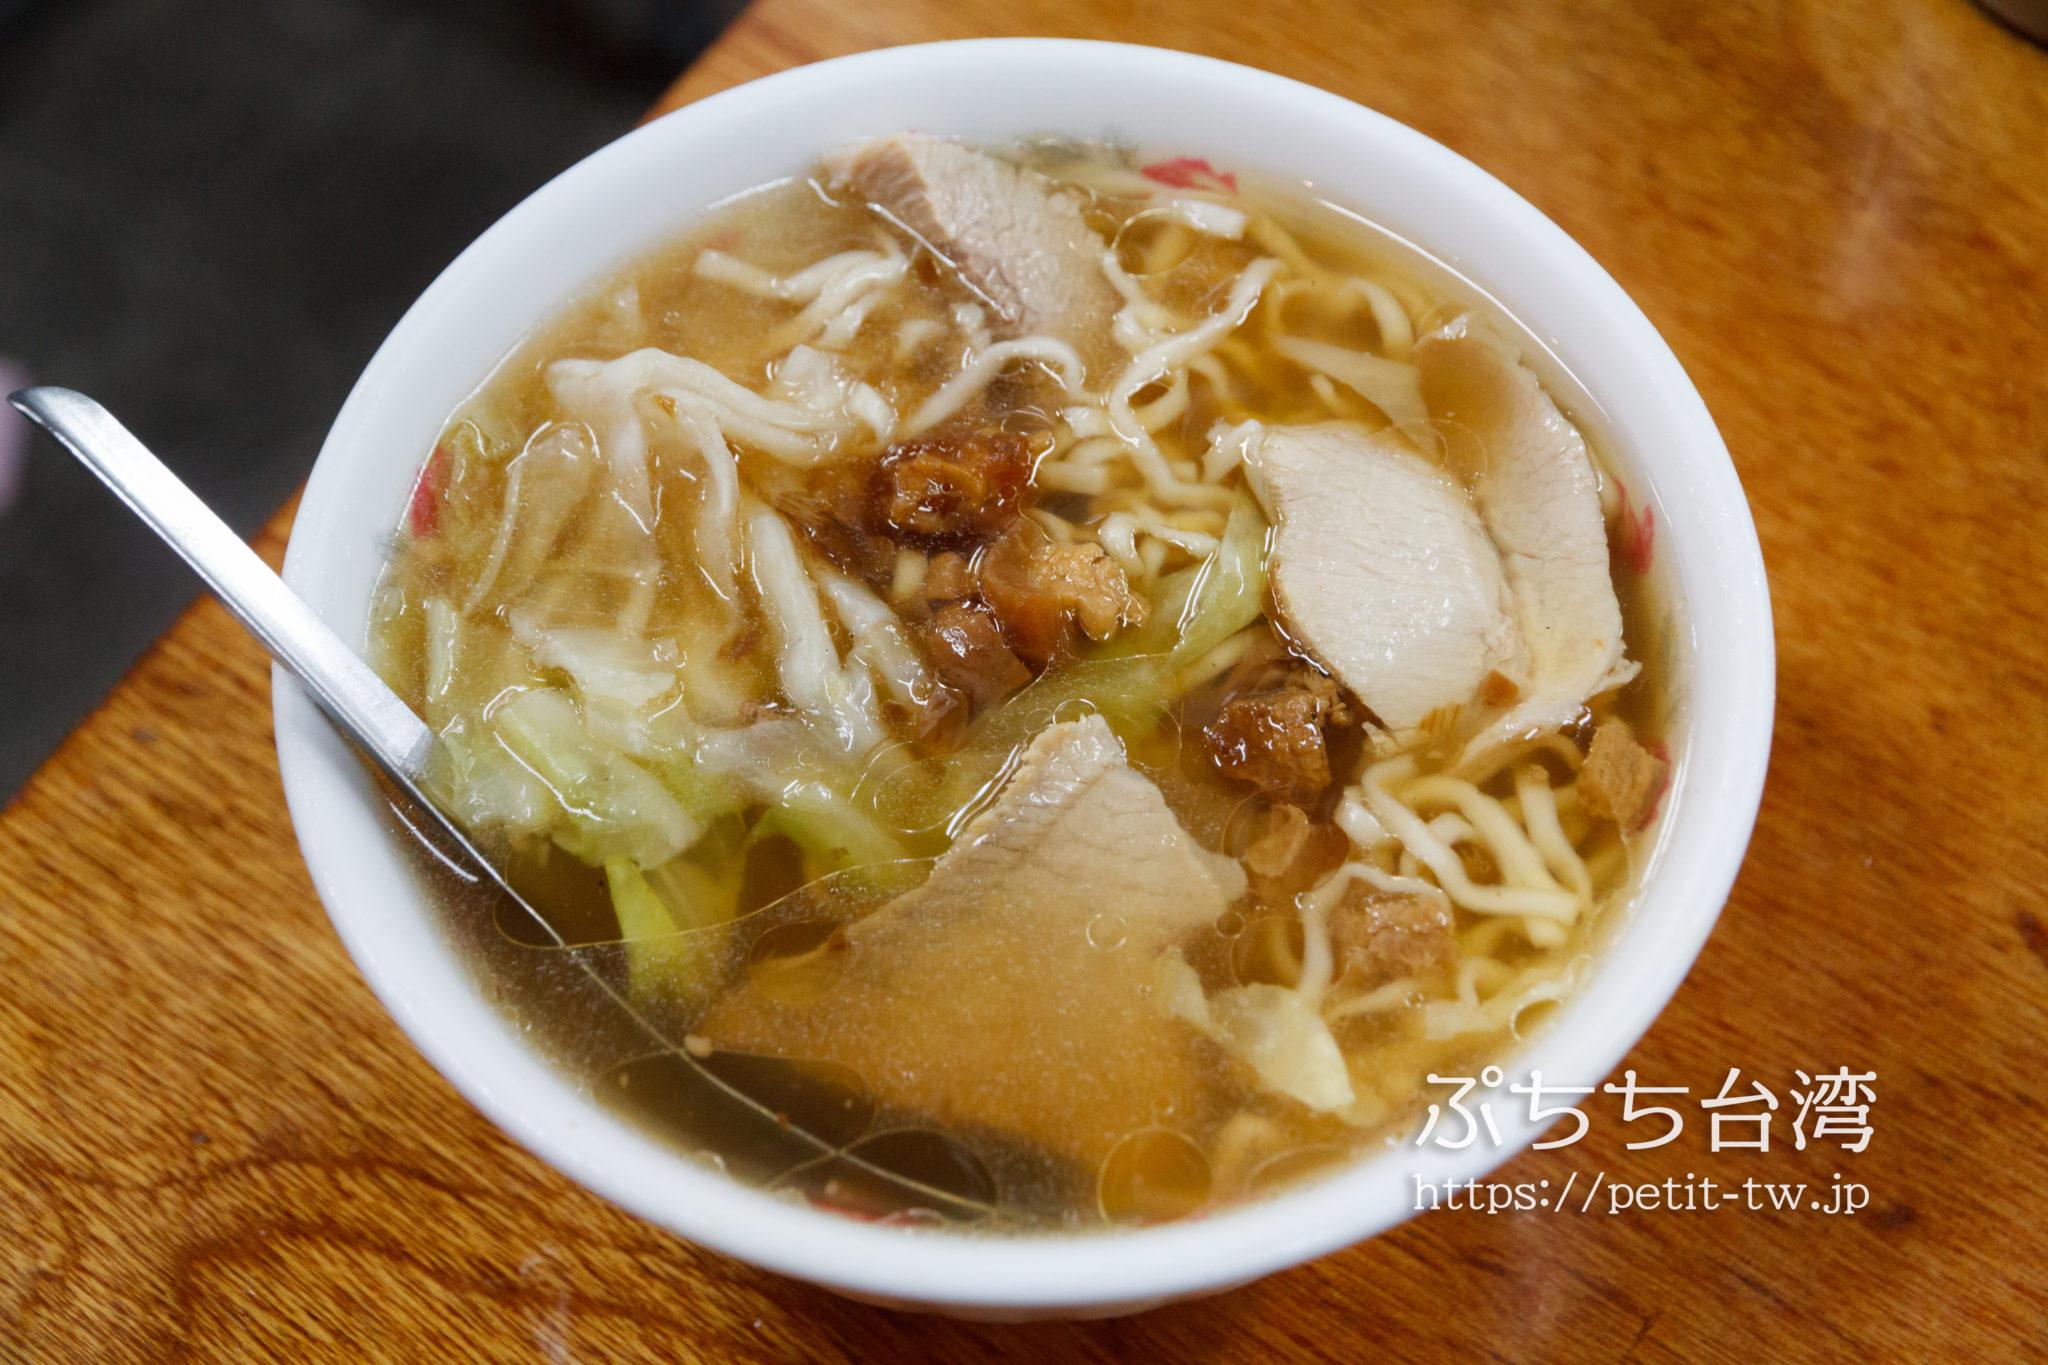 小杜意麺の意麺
==
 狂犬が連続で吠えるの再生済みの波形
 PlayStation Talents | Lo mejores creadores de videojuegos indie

Task to carry out:
All that is wanted is the stretch of lines above from the one containing "狂犬が連続で吠えるの再生済みの波形" through the one containing "PlayStation Talents |", duplicated exactly.

Result below:
 狂犬が連続で吠えるの再生済みの波形
 PlayStation Talents | Lo mejores creadores de videojuegos indie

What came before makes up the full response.